Shiloh helped get some more packages out to some very deserving troops:

4 Large USPS boxes:









Another box or two will be going out tomorrow. :thumb:


----------



## E Dogg (Mar 23, 2011)

:thumb:


----------



## smelvis (Sep 7, 2009)

WTG Matt who are these bound for?


----------



## snagstangl (Aug 21, 2010)

awesome, looks like you are spreading the joy around!


----------



## socalocmatt (Dec 22, 2010)

smelvis said:


> WTG Matt who are these bound for?


Eric Hiu
SSG Jason Longoria
Daniel Pipersky
Joel Bomgaars

Next package is going out to TSgt Tyler Aldridge


----------



## smelvis (Sep 7, 2009)

Cool Dudes  more should be coming in some may be a little bit brother, great job again Thanks for all the hard work guy's!


----------



## mrj205 (May 12, 2012)

Awesome work guys. I'm planning a coolidor reorganization for one of the next few weekends an plan on sending some more your way.


----------



## E Dogg (Mar 23, 2011)

Got a nice package from James (Engineer99) today. I had fun in his little contest and even though I didn't win, he sent a package for the troops! (and a 5'er for me) Thanks brother, this is a class act all the way :thumb:


----------



## zepp69 (Aug 23, 2012)

I am a noob but I would like to contribute a 10er. what do I need to do?


----------



## smelvis (Sep 7, 2009)

Hi Guy's
Do you have enough supplies? just curious do you guy's need more help or anything for sending stuff? I still am waiting on some more APO's from the LTC Petit brothers who again wanted me to Thank You all for everything. Their words were we helped get them through hell and just knowing we were here and cared made a huge difference. I just want to make sure this is still going strong.

Thanks


----------



## socalocmatt (Dec 22, 2010)

Good on supplies and everything so far. Just need more names. Hopefully we can ramp things up as well some more goodies to the troops. 

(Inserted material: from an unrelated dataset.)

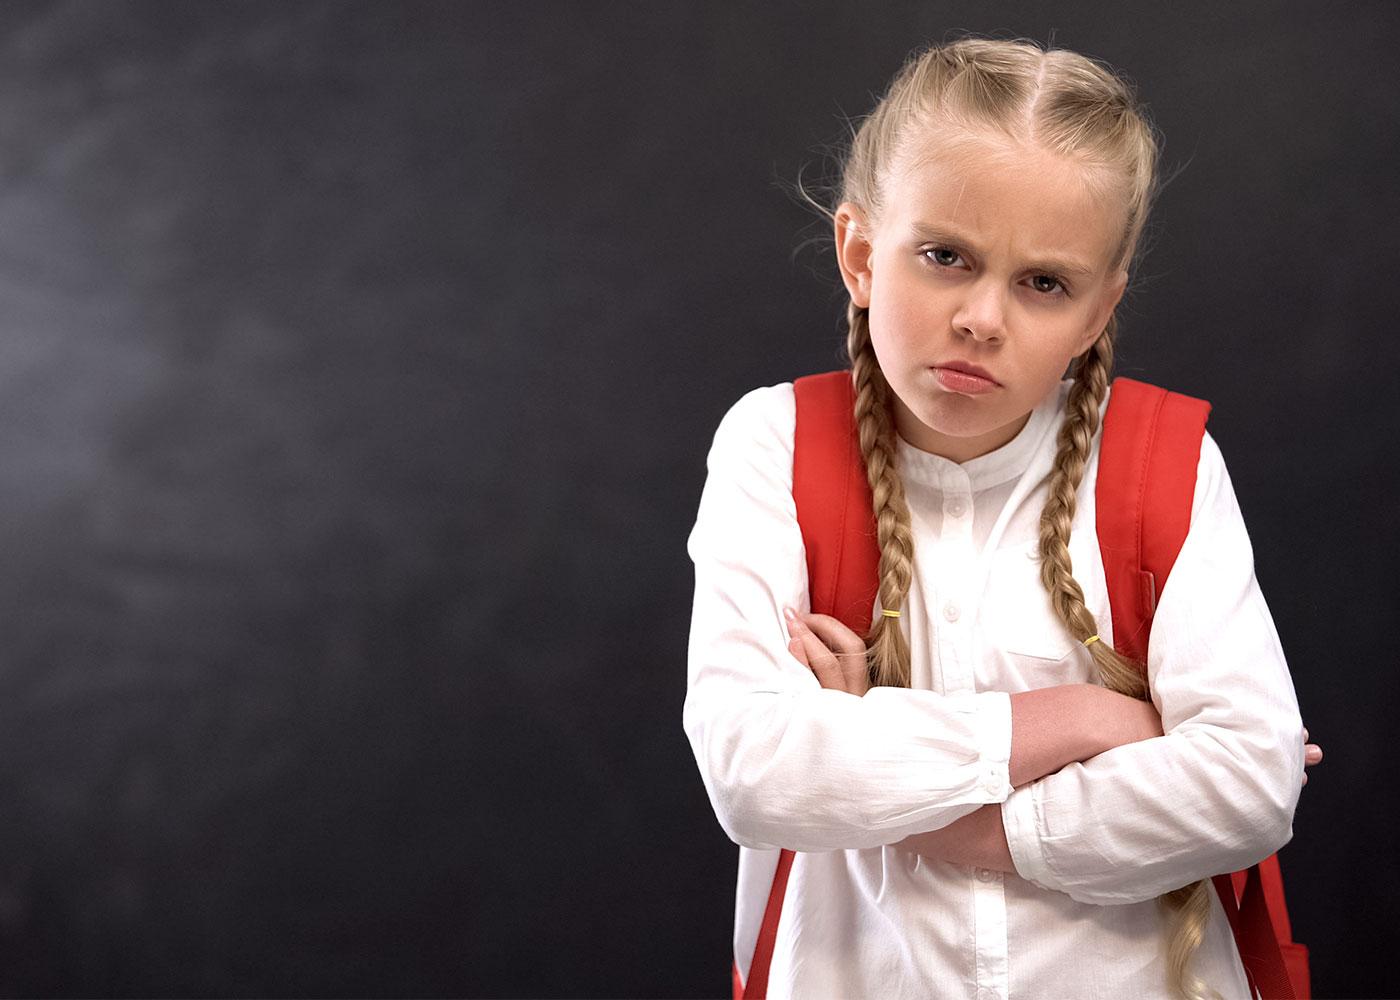 Annoyed schoolgirl with crossed hands

I did get two packages back due to an error on my part. Both packages are being reshipped:

9405 5036 9930 0151 6773 10
9405 5036 9930 0151 6773 34


----------



## smelvis (Sep 7, 2009)

If you are sending to proven people that share I would just keep them stocked sending a new load to same unit every 4 to 6 weeks. Working on more. I am not up to date as you guy's but looks like you have around nine good APO's now that more than I usually stocked regular. Great Job Guy's!


----------



## BigSarge (Oct 20, 2011)

Two Large Flat Rates went out today to MAJ Joe and LCPL Jon:
9405 5036 9930 0158 3269 69
9405 5036 9930 0158 3269 76


----------



## socalocmatt (Dec 22, 2010)

I got a couple of donations in over the last couple of weeks.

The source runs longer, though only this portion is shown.